I'm having one big problem solving one exercise our professor gave us. I have an $u\in\mathcal{C}(\mathbb{R^{n+1}})$ such as $$\liminf_{|z|\to\infty}u(z)\geq 0$$ and I have to show that $u\geq 0$. With some help from friends and notes from my professor I found the solution of the exercise but there's a passage that's keeps being obscure to me. Can I show that if $\liminf_{|z|\to\infty} u(z)\geq0$ then $u$ has an $\inf$.
I've spent the last three days asking to some firend of mine but we didn't come to a conclusion. Can anyone help me?.
Ps.:
We call $u\in\mathcal{C}(\Omega)$ as a caloric function and it's defined as follow:
$u\in\mathcal{C}(\Omega)$ iff $u:\Omega\to\mathbb{R}$, with $\Omega\subseteq \mathbb{R}^{n+1}$ it's an open subset, and $u$ has the two following properties:
- $u\in C^{2,1}(\Omega,\mathbb{R})$ i.e.: $\partial_{x_j}u,\;\partial_{x_jx_i}u,\;\partial_{t}u$ exisist in any point of $\Omega$ and are continuos function in $\Omega$, for all $i,j=\lbrace1,2,...,n\rbrace$
- $Hu(z)=\triangle u(z)-\partial_t u(z)=0\;\;\;\;\forall z\in \Omega$
Because $\liminf_{|z|\to \infty} u(z) \ge 0$, then for any $\epsilon > 0$, there is an $R$ such that if $|z| > R$, then $u(z) > -\epsilon$. For this, it is sufficient to have a fixed value, say $\epsilon = 1$. So for $|z| > R, u(z) > -1$.

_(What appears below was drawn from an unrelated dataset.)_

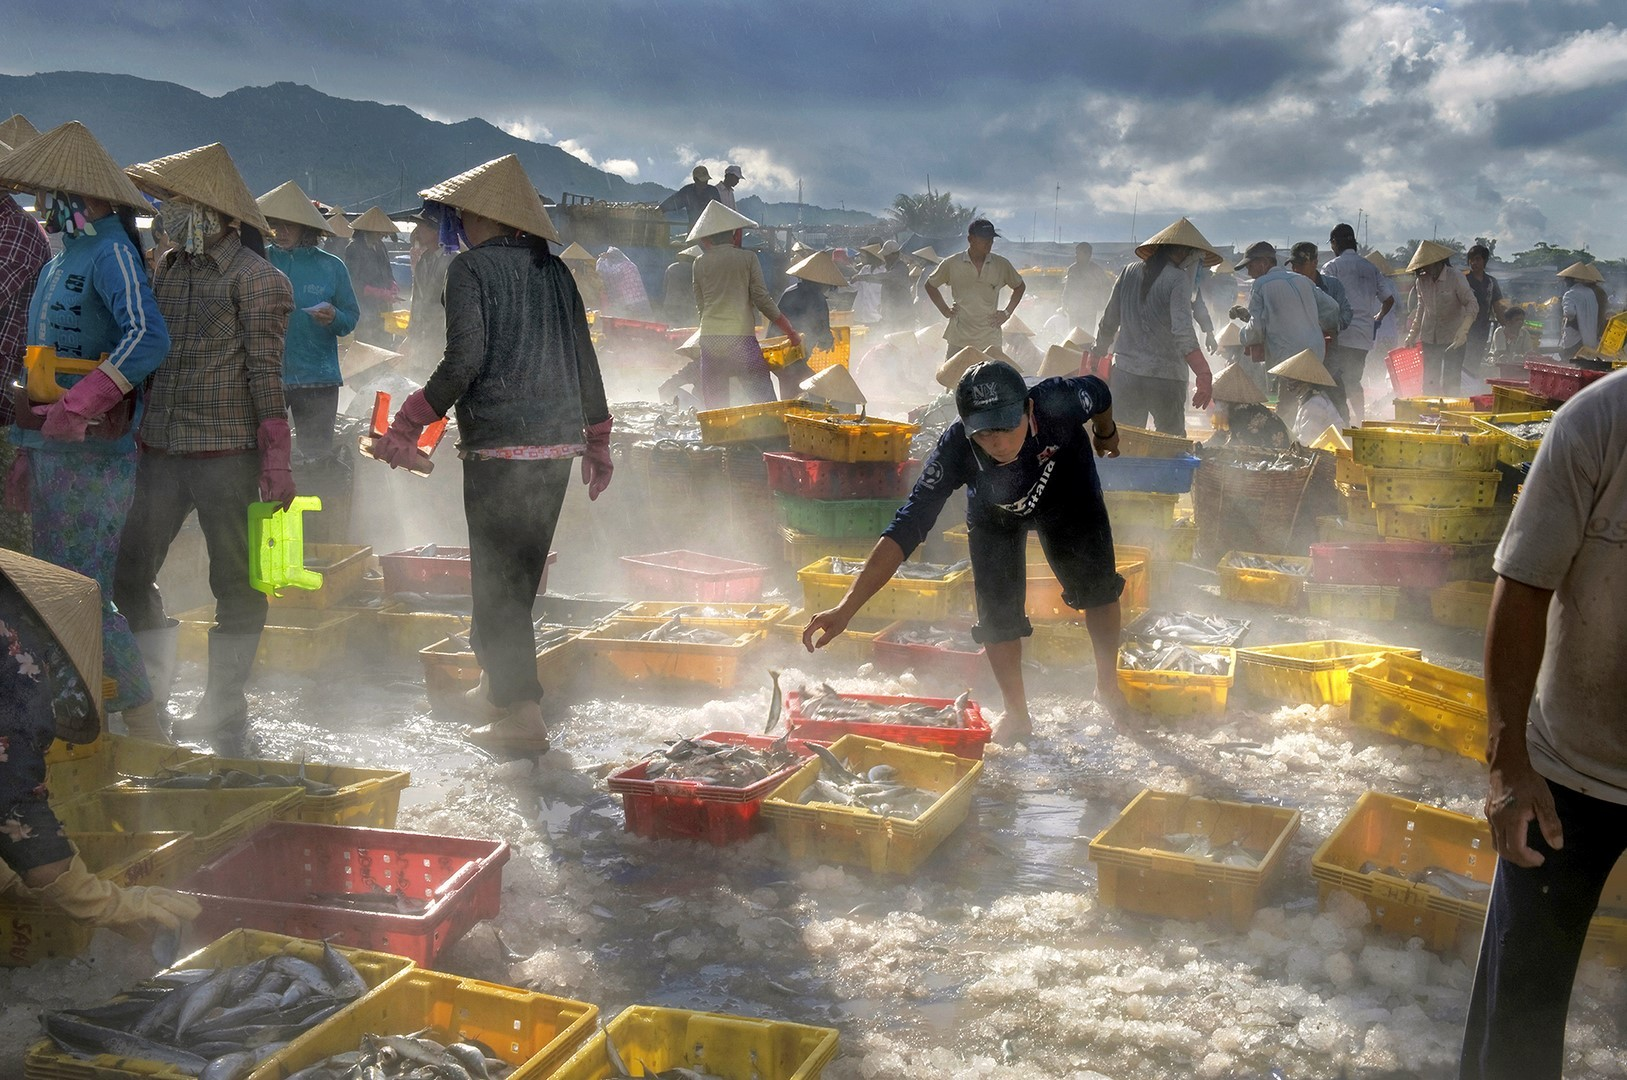 Fish market hoang trung thuy copier

But $u$ is continuous on the closed ball $\overline B_0(R) = \{z \mid |z| \le R\}$. That ball is closed and bounded, and therefore compact. The continuous image of a compact set is itself compact, so $u(\overline B_0(R))$ is a compact subset of $\Bbb R$. Any such set is bounded, so $u$ has some lower bound on $\overline B_0(R)$ and a lower bound of $-1$ on its complement. Therefore $u(\Bbb R^{n+1})$ is bounded below and must have an infimum.